As we all tend to do so in a one-run game lost on a dime, I wanted to blame someone. Rafael Soriano, of course, seemed like the natural scapegoat. Entrusted as the high-leverage Bridge to Mariano, Soriano needed to get three outs. The first one was a strike out, and it all unraveled from there. He hit Carlos Quentin, and then he gave up the world’s most obvious “here it comes” home run to Paul Konerko. Goat, I thought.

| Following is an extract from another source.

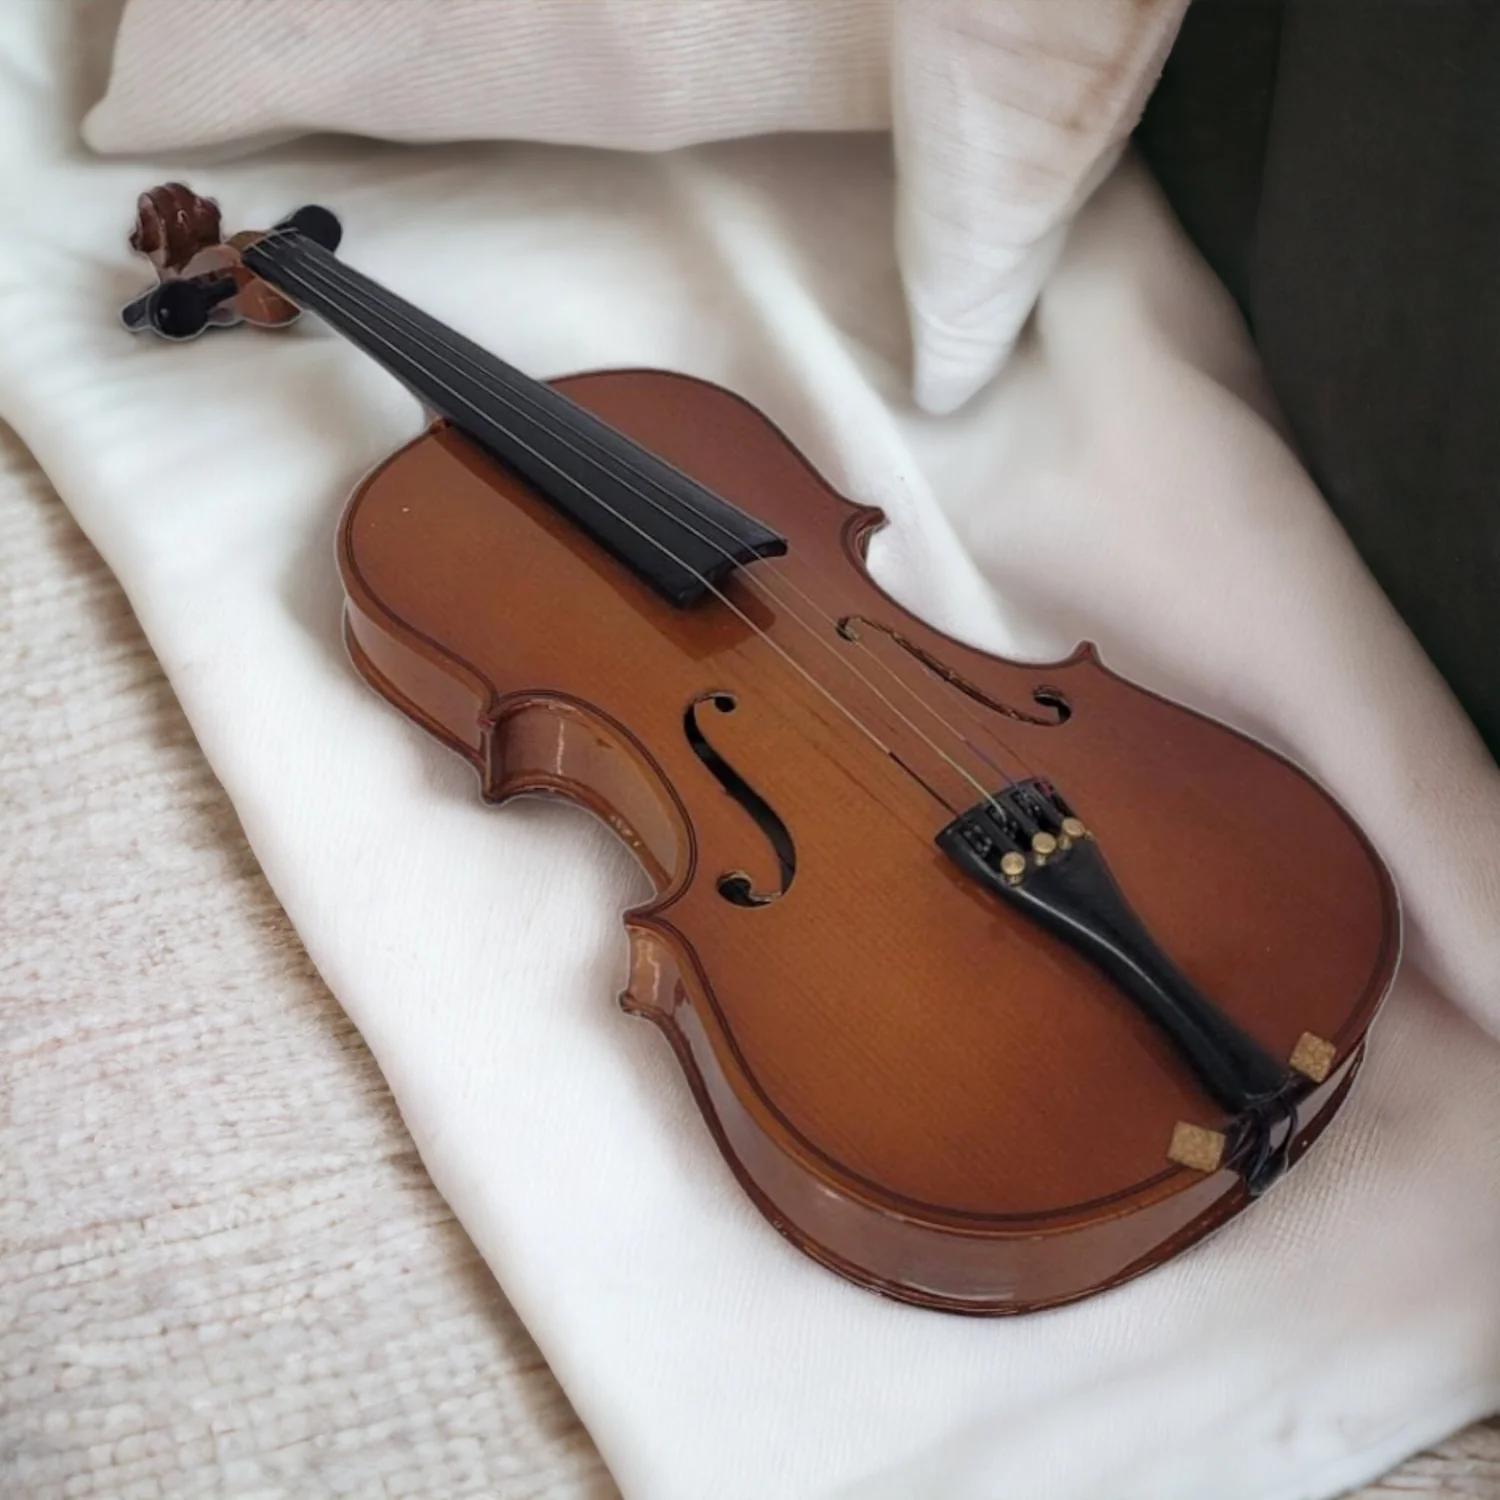 ancona vs paladino violin - Are Palatino violins any good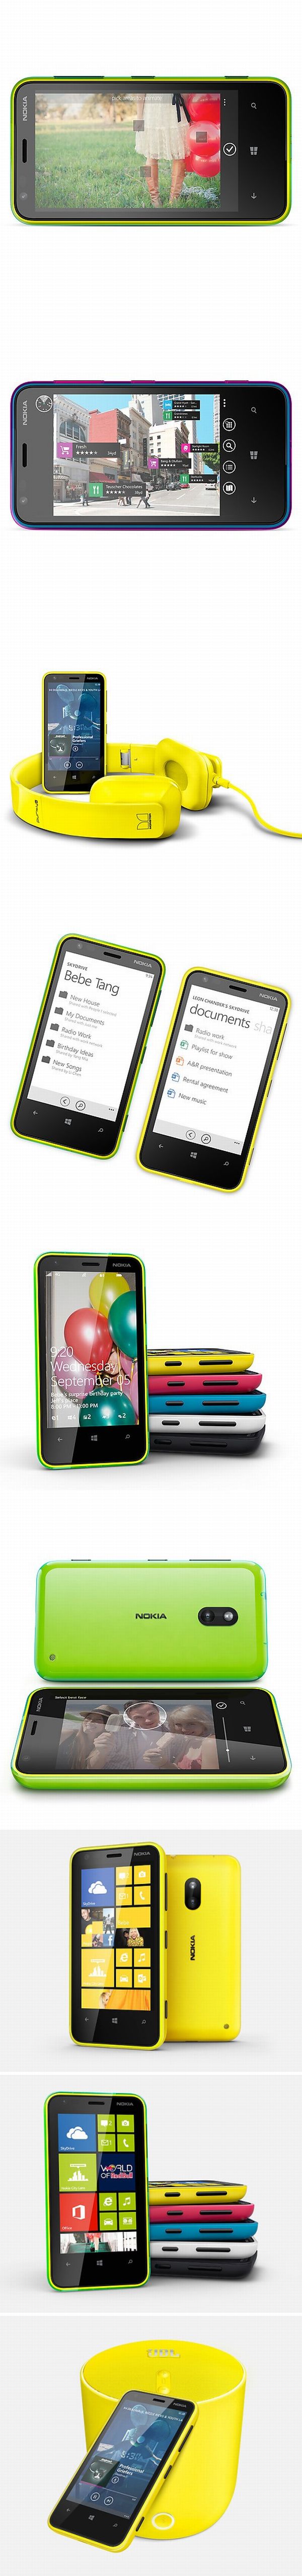 Nokia Lumia 620: olcsó Windows Phone mobil

But it wasn’t just the home run that caused the Yanks to lose. After the ninth inning, Soriano still seemed to be the perfect scapegoat. Had he not hit Carlos Quentin, the White Sox would likely not have used Brent Lillibridge as a pinch runner, and Lillibridge, a middle infielder by trade, would not have been in a position to make those catches. With the fallacy of the predetermined outcome firmly in mind, I don’t think Quentin makes the catch one both of those bullets that should have won the game. Again, Soriano’s fault with a side of Lillibridge to blame. (But who can really blame someone for making those catches? Once the emotion settles, just tip your cap.)
So who was this Lillibridge punk that ruined what should have been a perfect inning capped with a Yankee comeback? He’s a 27-year-old middle infielder with a career 51 OPS+ in 317 plate appearances spanning part of four seasons. Tonight was his eighth appearance in right field, and after emerged as one of the Braves’ top prospects in 2008, he has yet to fulfill his potential. How he came to be on the White Sox will bring some mixture of joy and dread to Yankee fans’ hearts.
On December 4, 2008, Lillibridge, one season removed from being named Atlanta’s sixth best minor leaguer and a potential future lead-off hitter, found himself bound for Chicago in a multi-player deal. The youngster, along with Tyler Flowers and two minor leaguers went north in exchange for Boone Logan and Javier Vazquez. The rest, as we know, is history. The Braves traded Logan and Vazquez to the Yanks a year later in exchange for Michael Dunn, Melky Cabrera and Arodys Vizcaino, and Vazquez flamed out in New York.
Essentially, had Chicago not traded Vazquez to the Braves, Lillibridge wouldn’t have been on the White Sox. He wouldn’t have been in right field in the ninth inning, and he wouldn’t have robbed the Yanks of a pie-filled victory. It was simple: It was, as it always is, Javier Vazquez’s fault. While walking out of the stadium, I realized I could blame Javier Vazquez, and the loss seemed easier to take. I might have gone home an unhappy fan, but in the great game of finger-pointing, I was a satisfied camper. It was, is and always will be Javy’s fault.